Kantar's BrandZ analysis shows that brands combining emotional connection, perceived difference, and cultural relevance outperform peers on pricing power in inflationary periods. That finding has a direct implication for retail media allocation. Awareness-building placements, off-site display and in-store formats that reach shoppers before they are in buying mode, may deliver more durable brand equity than on-site sponsored search alone. But the measurement frameworks most brands use today are optimised for the last click, which systematically undervalues the upper parts of the retail media funnel.

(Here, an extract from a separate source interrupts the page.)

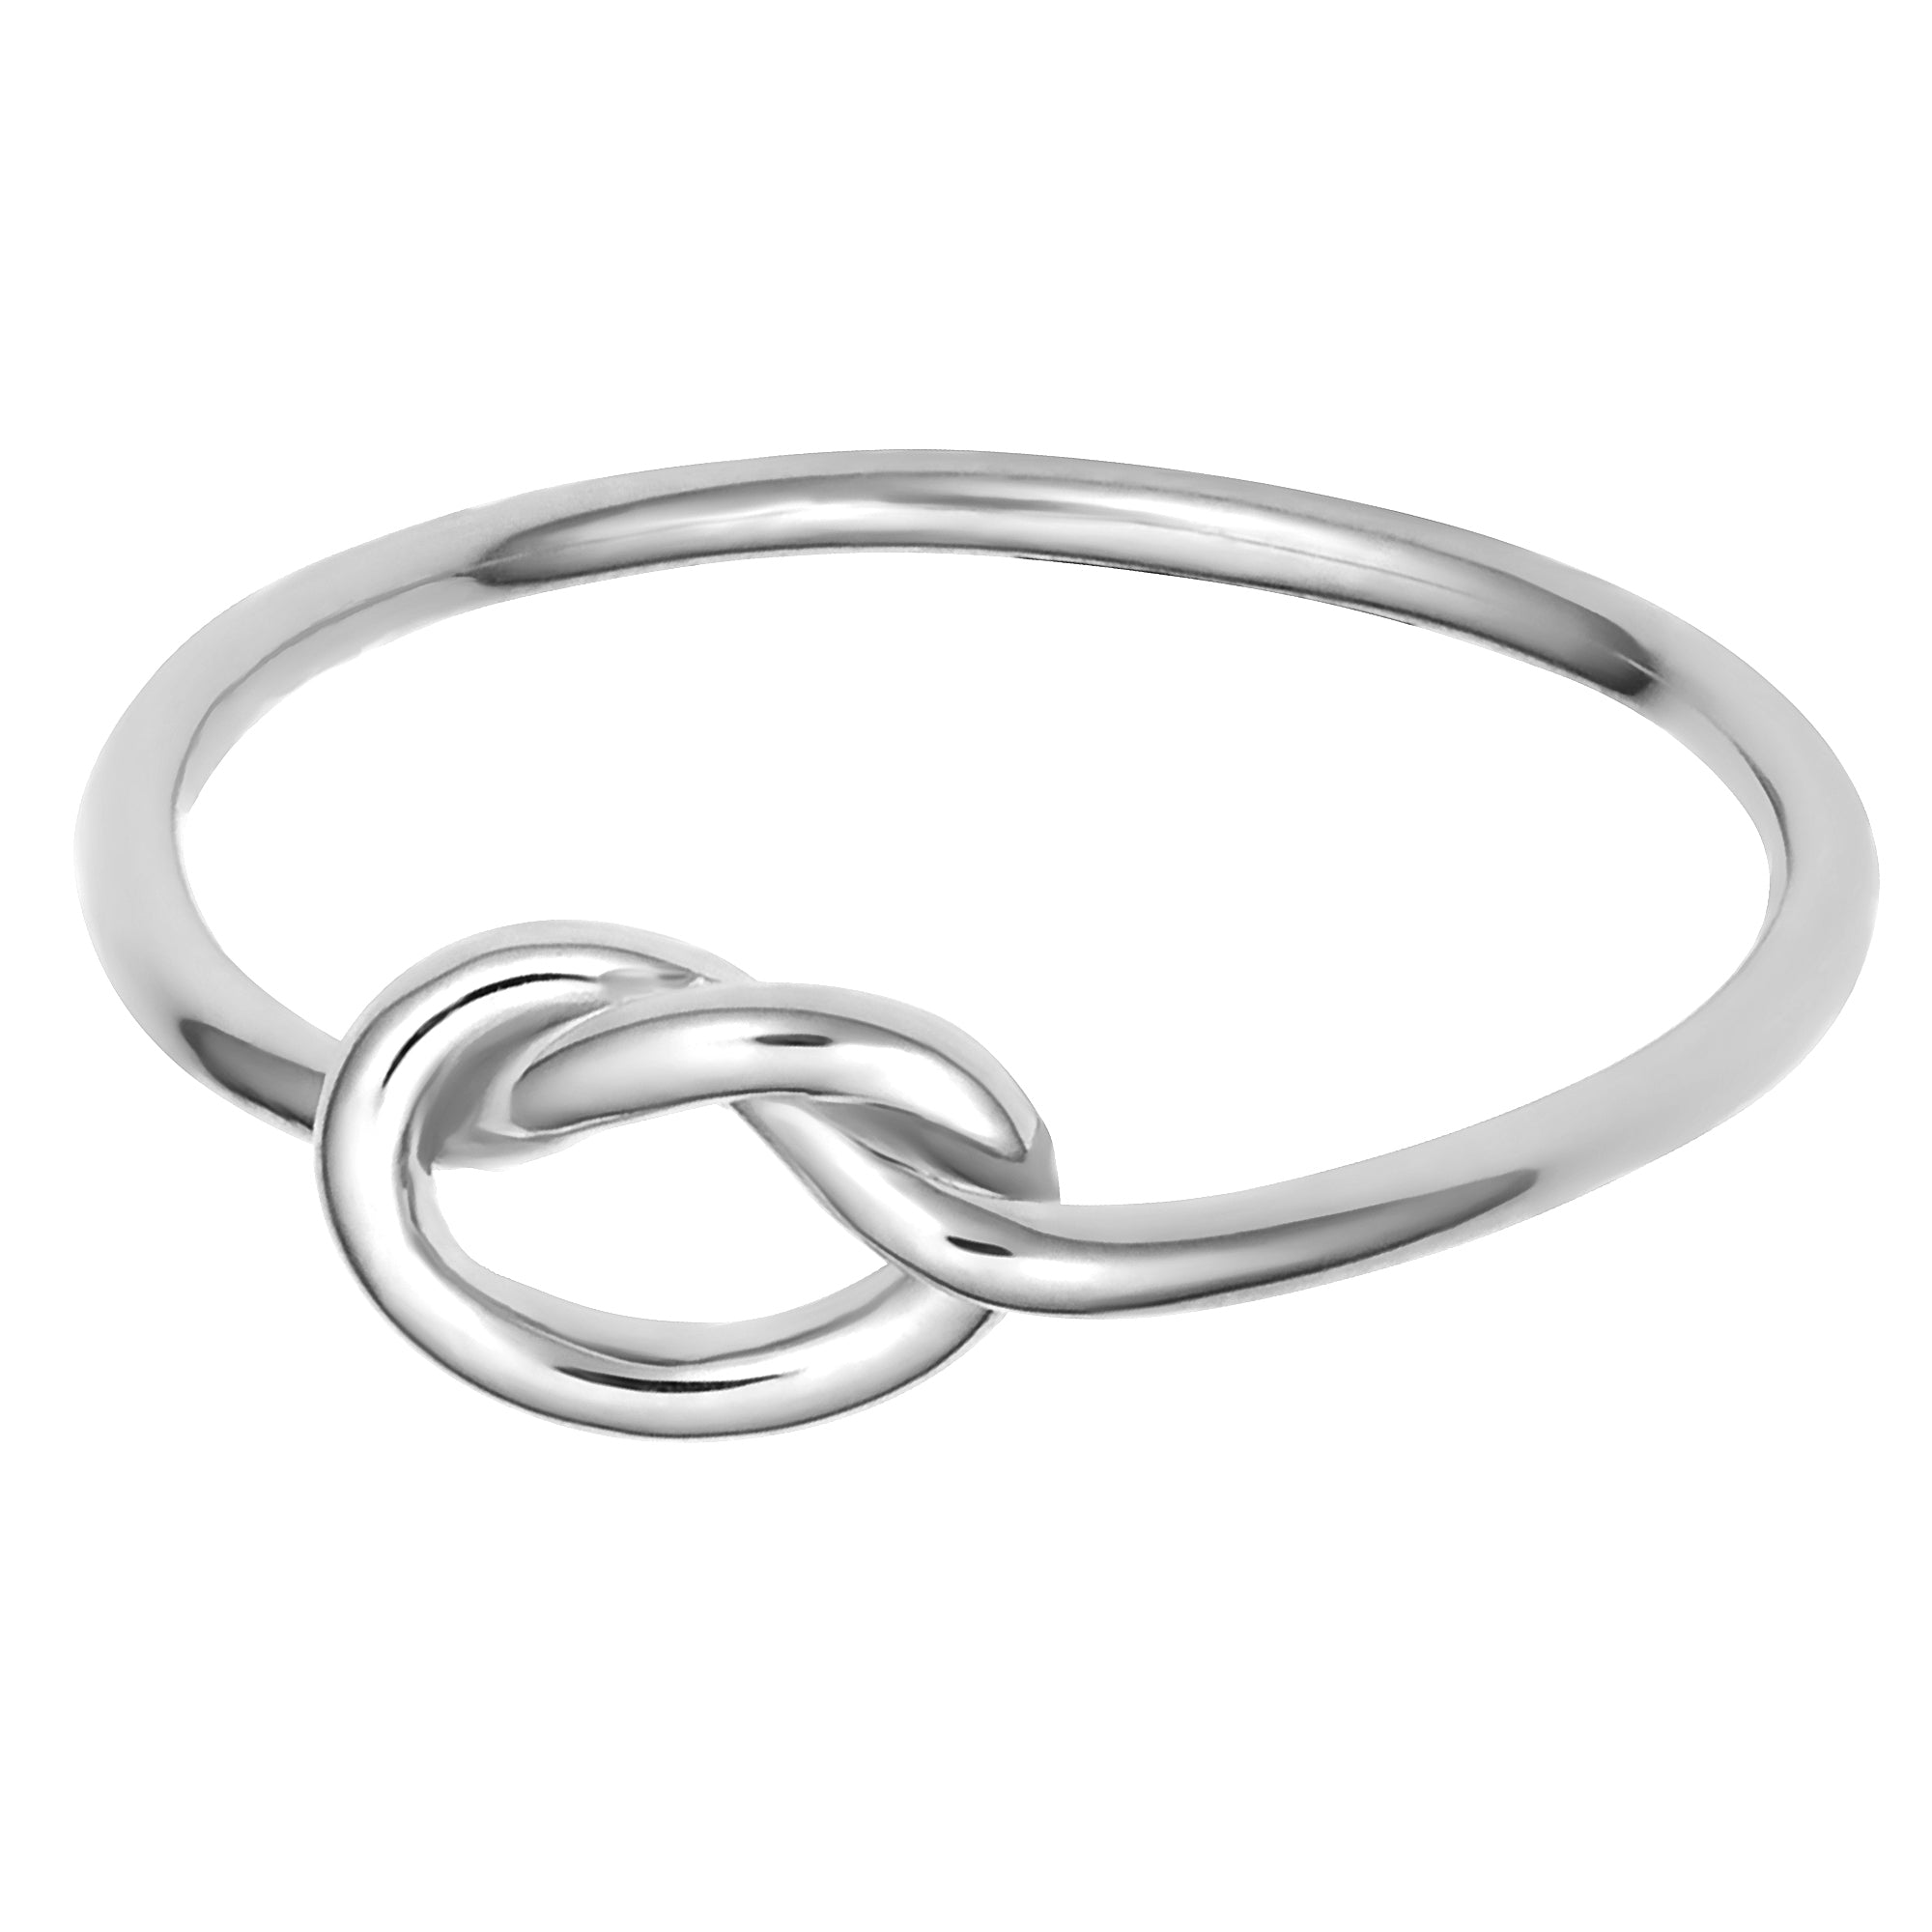 Liebesknoten-Ring aus 14-karätigem Weißgold, feiner Designerschmuck für Männer und Frauen

What Mars is doing that is worth watching
Mars is explicitly targeting "every snacking occasion, online and in-store" and coupling new format launches with digital shopping tools designed to reshape discovery across channels. The combination of format innovation at the physical shelf, M&M's POP'd Caramel, Twix Bits, and new Skittles and Starburst lines, with digital-first activation reflects a media strategy that uses retail media to drive trial of genuinely new products rather than defend existing share. That is the version of retail media spend most likely to pass an incrementality test: a new format that a shopper had not previously considered buying, surfaced at the right moment by a targeted placement.
The contrast with defensive spending is sharp. A brand using retail media primarily to protect its top item on a high-velocity shelf is buying insurance. A brand using it to introduce a new format to a shopper who has not yet encountered it is buying growth. Both can be justified, but only one is building something.
What to watch in the next 90 days
Three things are worth tracking closely as the second half of 2026 takes shape.
First, watch how large CPG companies report retail media spend in earnings calls. If brands begin breaking out retail media as a distinct line in trade investment reporting, rather than burying it in broader marketing or trade budgets, the pressure to prove incrementality will accelerate.
Second, watch retailer moves on measurement standardisation. Any retailer that offers brands a clean holdout-group testing methodology, rather than proprietary last-touch attribution only, is making a long-term bet that transparency will attract more spend. That is a smarter commercial model than defending opacity.
Third, the emergence of generative AI as a product discovery channel, explored in recent coverage of generative engine optimisation, adds a fourth shelf to the on-site, off-site, in-store framework. If shoppers begin using AI assistants to inform grocery choices, the brands with structured product data and strong digital content will appear in those answers. Retail media networks that can extend their targeting and measurement into AI-assisted discovery will have a meaningful advantage. Those that cannot will find their on-site dominance eroding at the edges.
For you, the Monday-morning priority remains the same one it was at the start of this year. Not whether to be in retail media. Whether your measurement setup can tell you, placement by placement, what you actually bought.